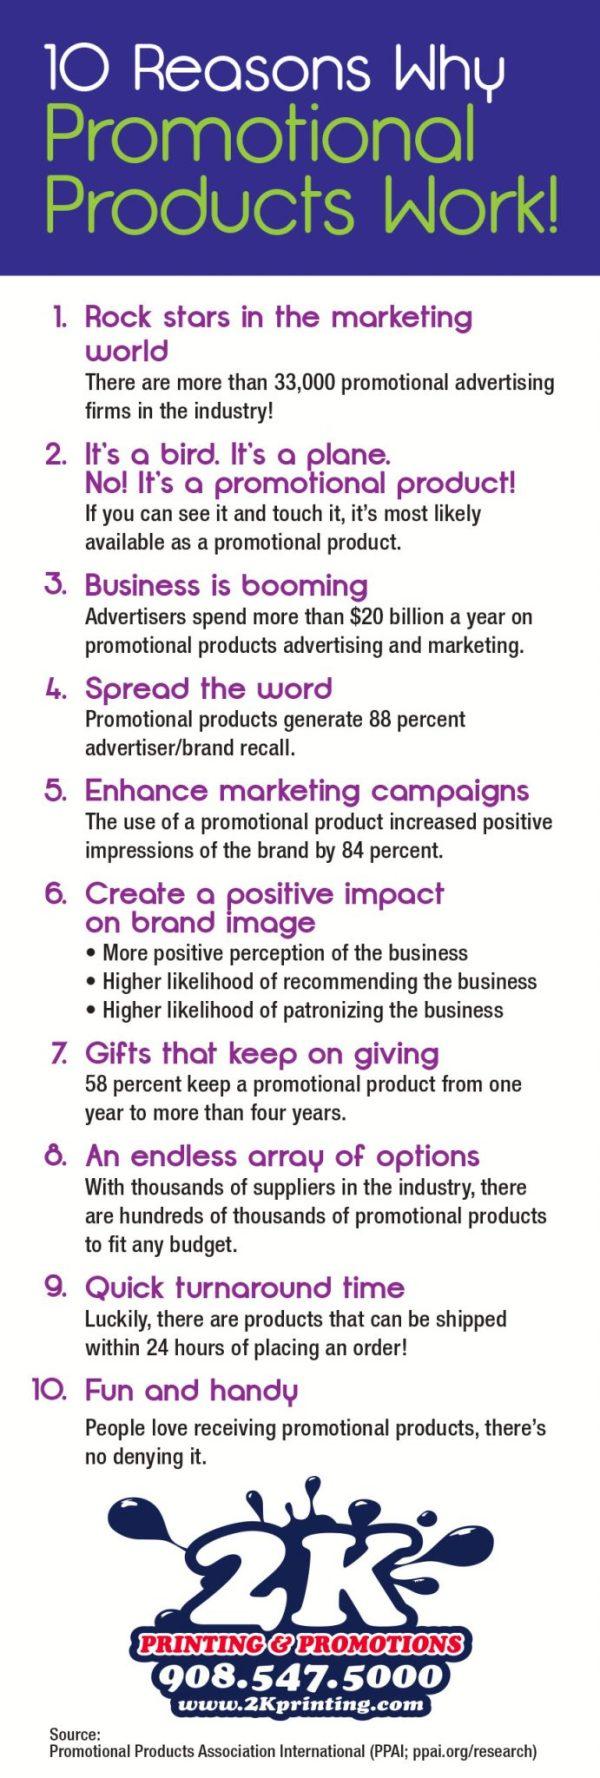 2KPrinting-Advertising-and-Promotios-10-Reasons
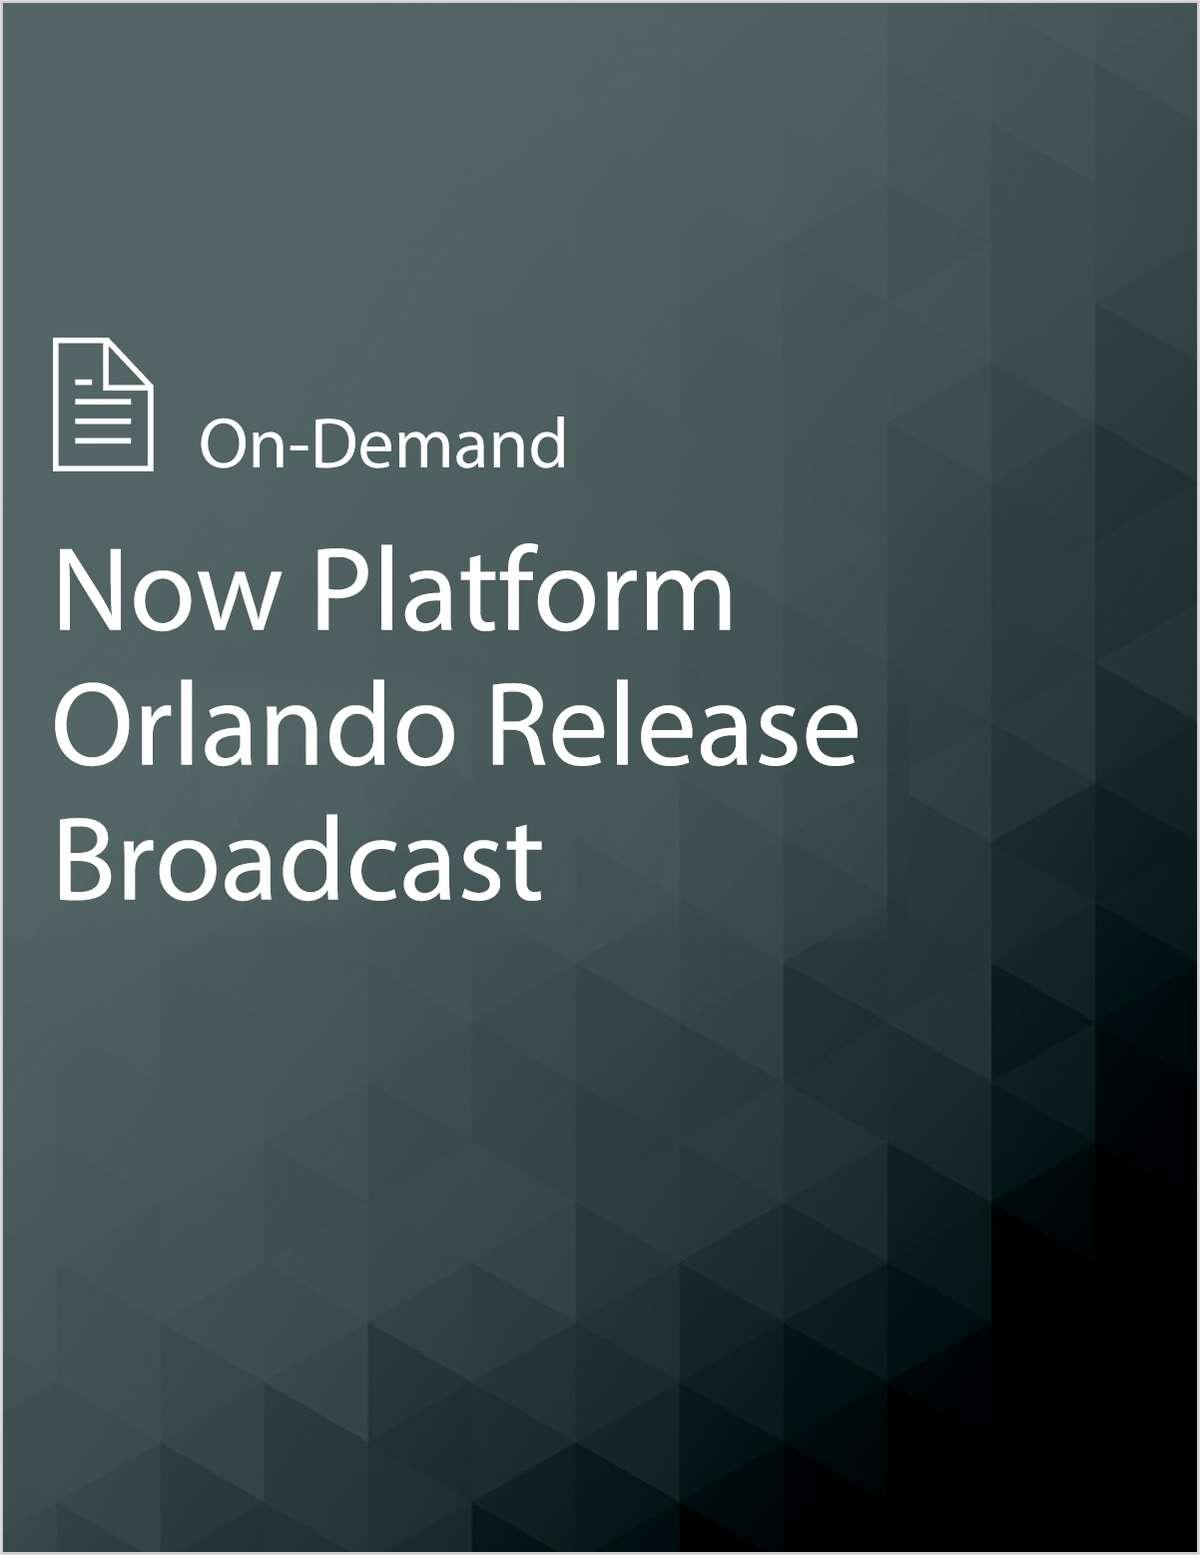 Now Platform Orlando Release Broadcast
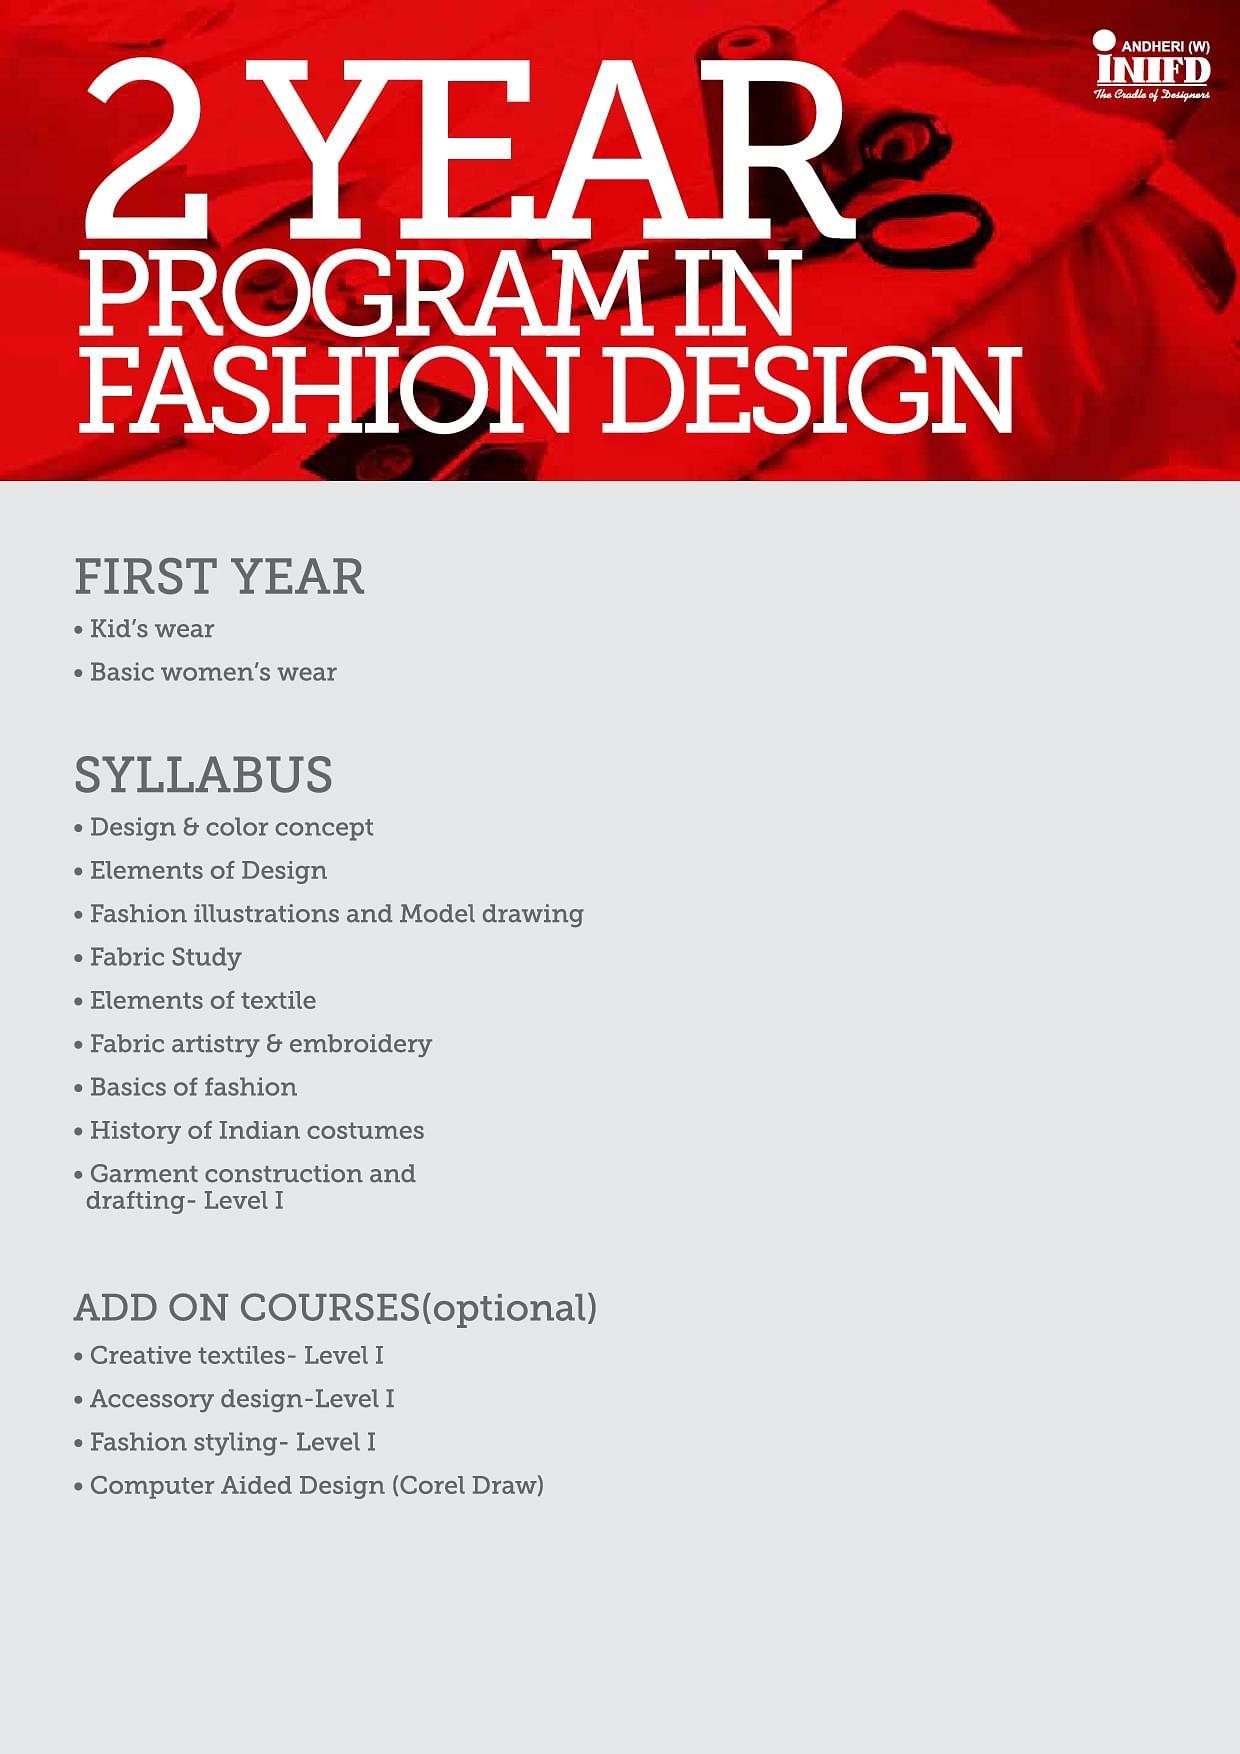 Inifd International Institute Of Fashion Design

**EXERCISE GOAL:**
Skip every picture, and give the rest of the material above again exactly.

**OUTPUT BELOW:**
 2KPrinting-Advertising-and-Promotios-10-Reasons
 Now Platform Orlando Release Broadcast
 Inifd International Institute Of Fashion Design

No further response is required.